Merged_data.drop(['SK_ID_CURR','WEEKDAY_APPR_PROCESS_START', 'HOUR_APPR_PROCESS_START','REG_REGION_NOT_LIVE_REGION', 
              'REG_REGION_NOT_WORK_REGION','LIVE_REGION_NOT_WORK_REGION', 'REG_CITY_NOT_LIVE_CITY',
              'REG_CITY_NOT_WORK_CITY', 'LIVE_CITY_NOT_WORK_CITY','WEEKDAY_APPR_PROCESS_START_PREV',
              'HOUR_APPR_PROCESS_START_PREV', 'FLAG_LAST_APPL_PER_CONTRACT','NFLAG_LAST_APPL_IN_DAY'],axis=1,inplace=True)

**Performing univariate analysis**

In [None]:
# Distribution of contract status in logarithmic scale

sns.set_style('whitegrid')
sns.set_context('talk')

plt.figure(figsize=(15,30))
plt.rcParams["axes.labelsize"] = 20
plt.rcParams['axes.titlesize'] = 22
plt.rcParams['axes.titlepad'] = 30
plt.xticks(rotation=90)
plt.yscale('log')
plt.title('Distribution of contract status with purposes')
ax = sns.countplot(data = Merged_data, x= 'NAME_CASH_LOAN_PURPOSE', 
                   order=Merged_data['NAME_CASH_LOAN_PURPOSE'].value_counts().index,hue = 'NAME_CONTRACT_STATUS',palette='husl') 

We can conclude the below points from the graph:
1.Most rejection of loans came from purpose 'repairs'.
2.We have almost equal number of approves and rejection for Medicine,Every day expenses and education
purposes.

In [None]:
# Distribution of contract status

sns.set_style('whitegrid')
sns.set_context('talk')

plt.figure(figsize=(15,30))
plt.rcParams["axes.labelsize"] = 20
plt.rcParams['axes.titlesize'] = 22
plt.rcParams['axes.titlepad'] = 30
plt.xticks(rotation=90)
plt.yscale('log')
plt.title('Distribution of purposes with target ')
ax = sns.countplot(data = Merged_data, x= 'NAME_CASH_LOAN_PURPOSE', 
                   order=Merged_data['NAME_CASH_LOAN_PURPOSE'].value_counts().index,hue = 'TARGET',palette='husl') 
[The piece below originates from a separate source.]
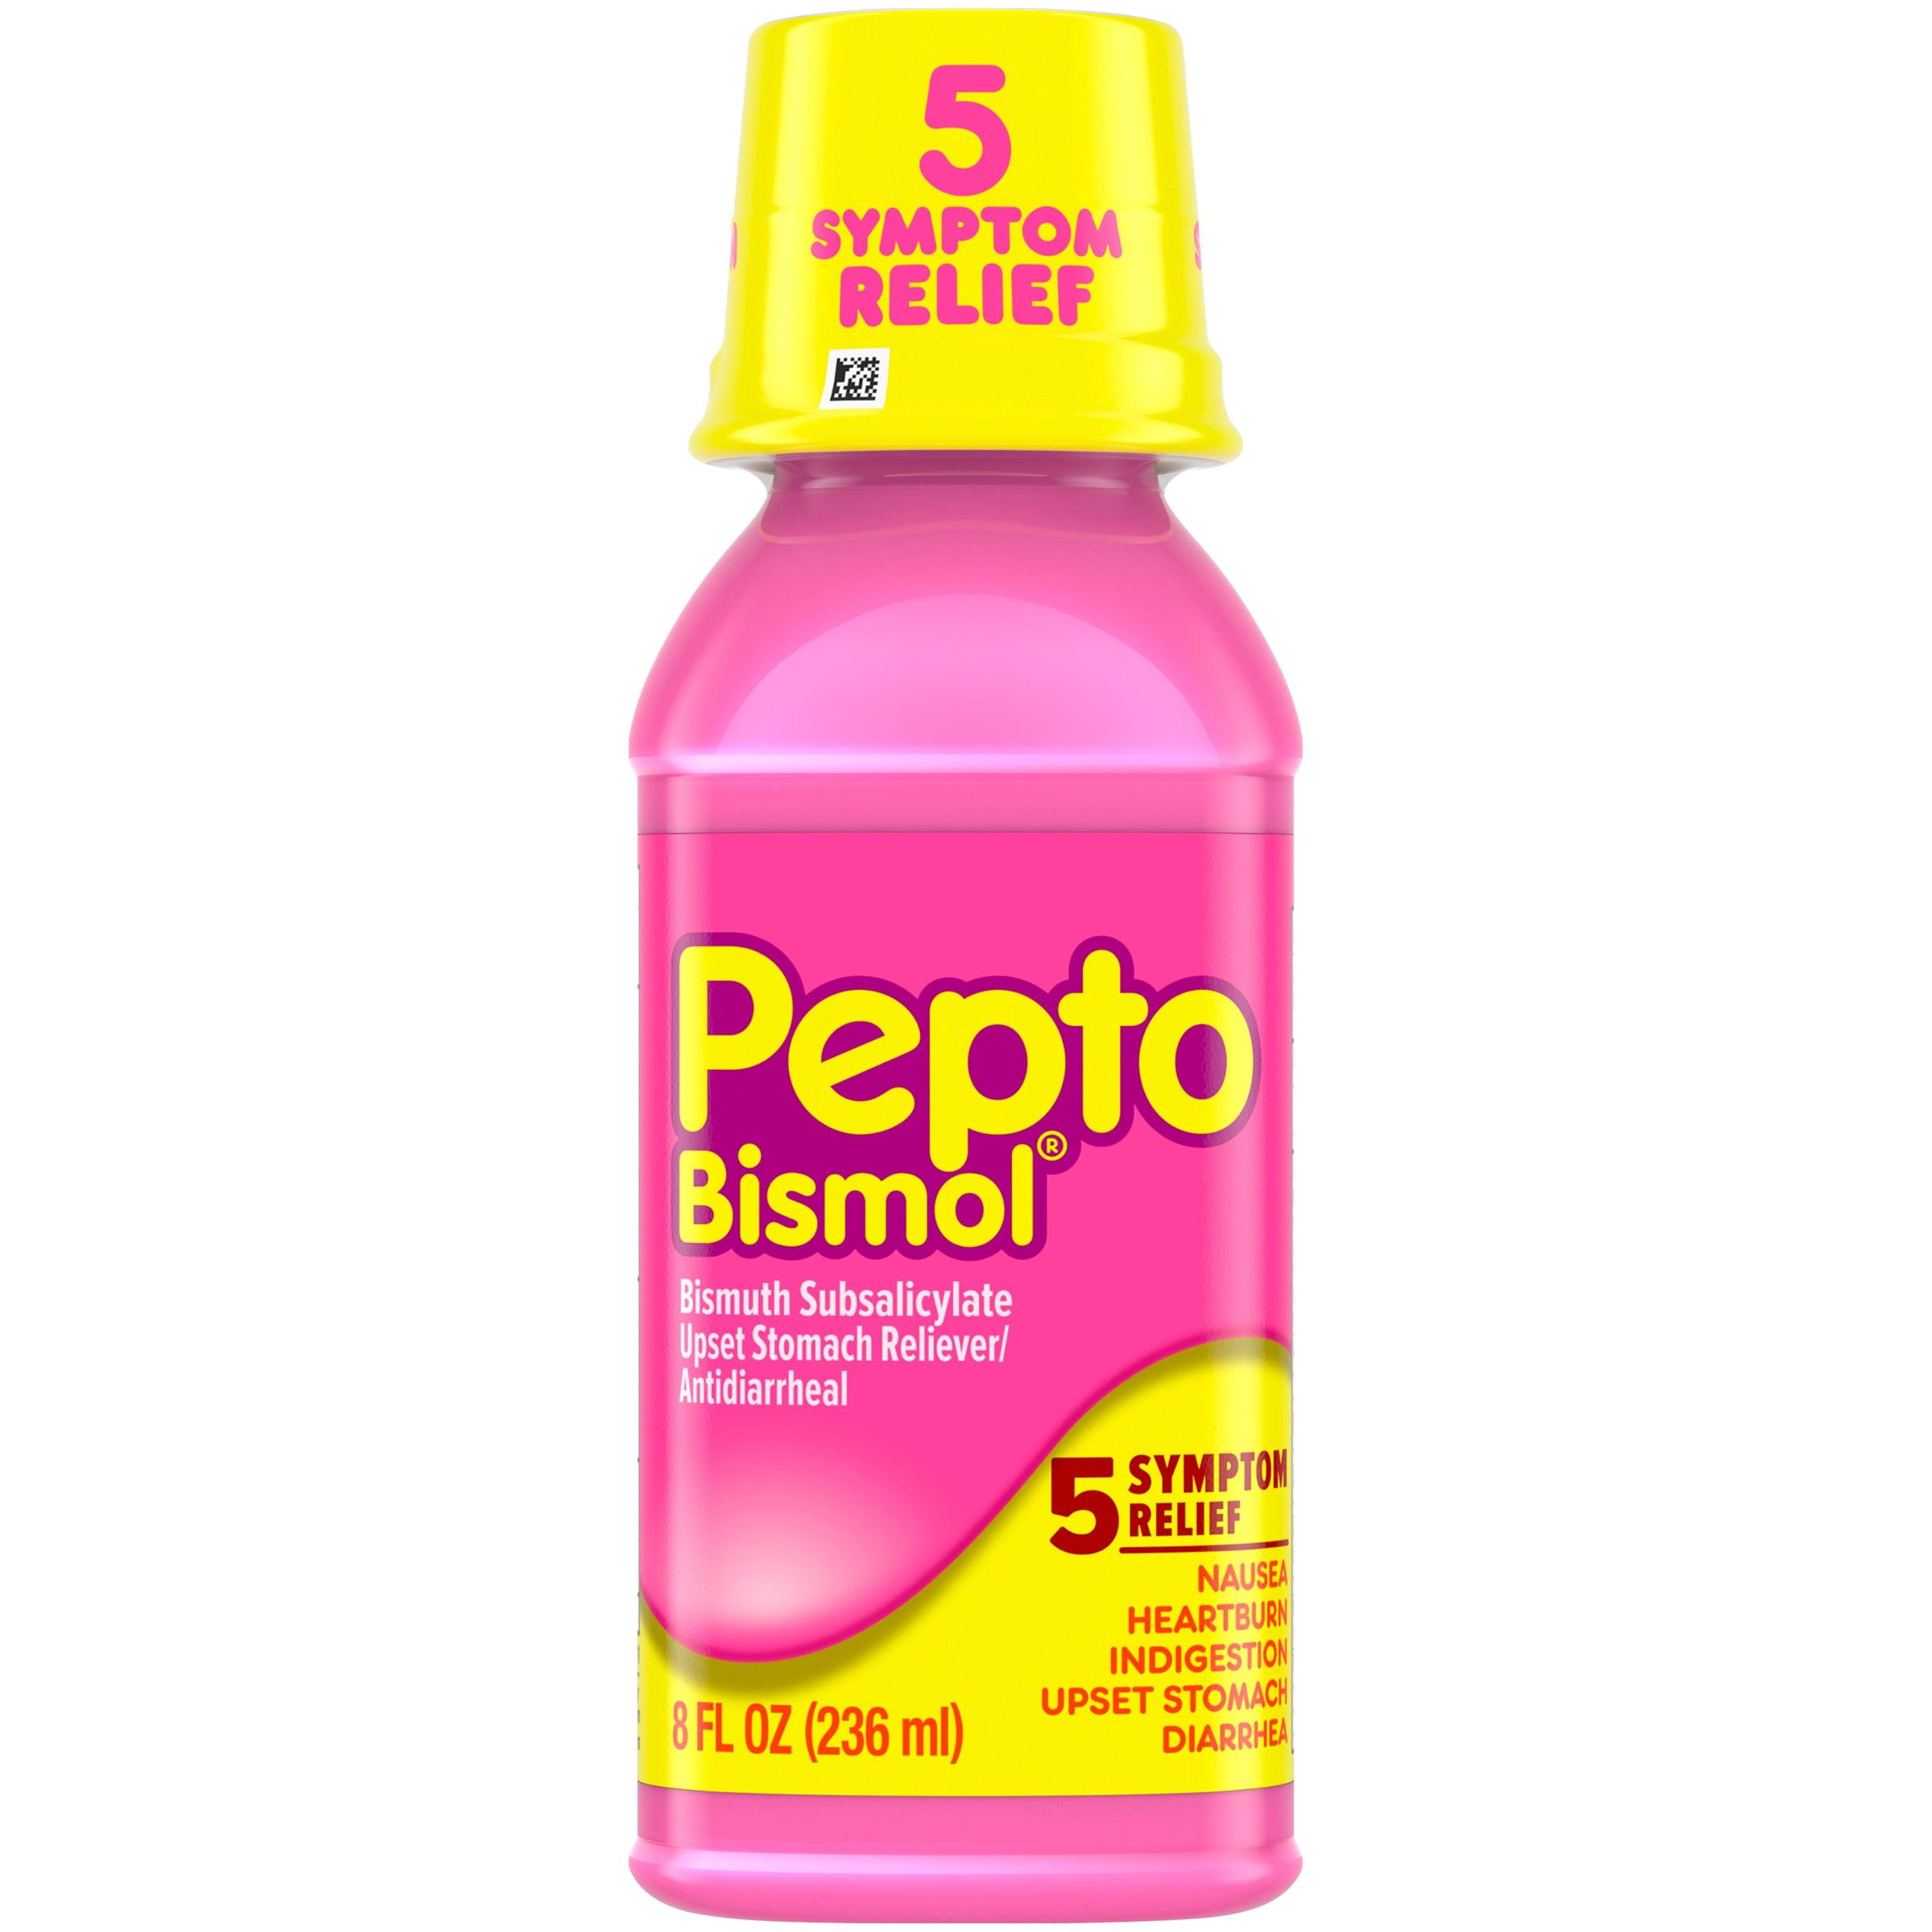 Multi-Symptom Pepto Bismol Liquid for Nausea, Heartburn, Indigestion, Upset Stomach, and Diarrhea Relief, Original Flavor 8 oz

we can conclude from above plot that  Loan purposes with 'Repairs' are facing more difficulites in payment on time.


**Performing bivariate analysis**

In [None]:
# Box plotting for Credit amount prev vs Housing type in logarithmic scale

#plt.figure(figsize=(16,12))
#plt.xticks(rotation=90)
#sns.barplot(data =Merged_data, y='AMT_CREDIT_PREV',hue='TARGET',x='NAME_HOUSING_TYPE',palette='husl')
sns.catplot(x="NAME_HOUSING_TYPE", y="AMT_CREDIT_PREV", hue="TARGET", data=Merged_data, kind="violin",height=6,aspect=4,palette='husl')
plt.title('Prev Credit amount vs Housing type')
plt.show()

So, we can conclude that bank should avoid giving loans to the housing type of co-op apartment as they are having difficulties in payment.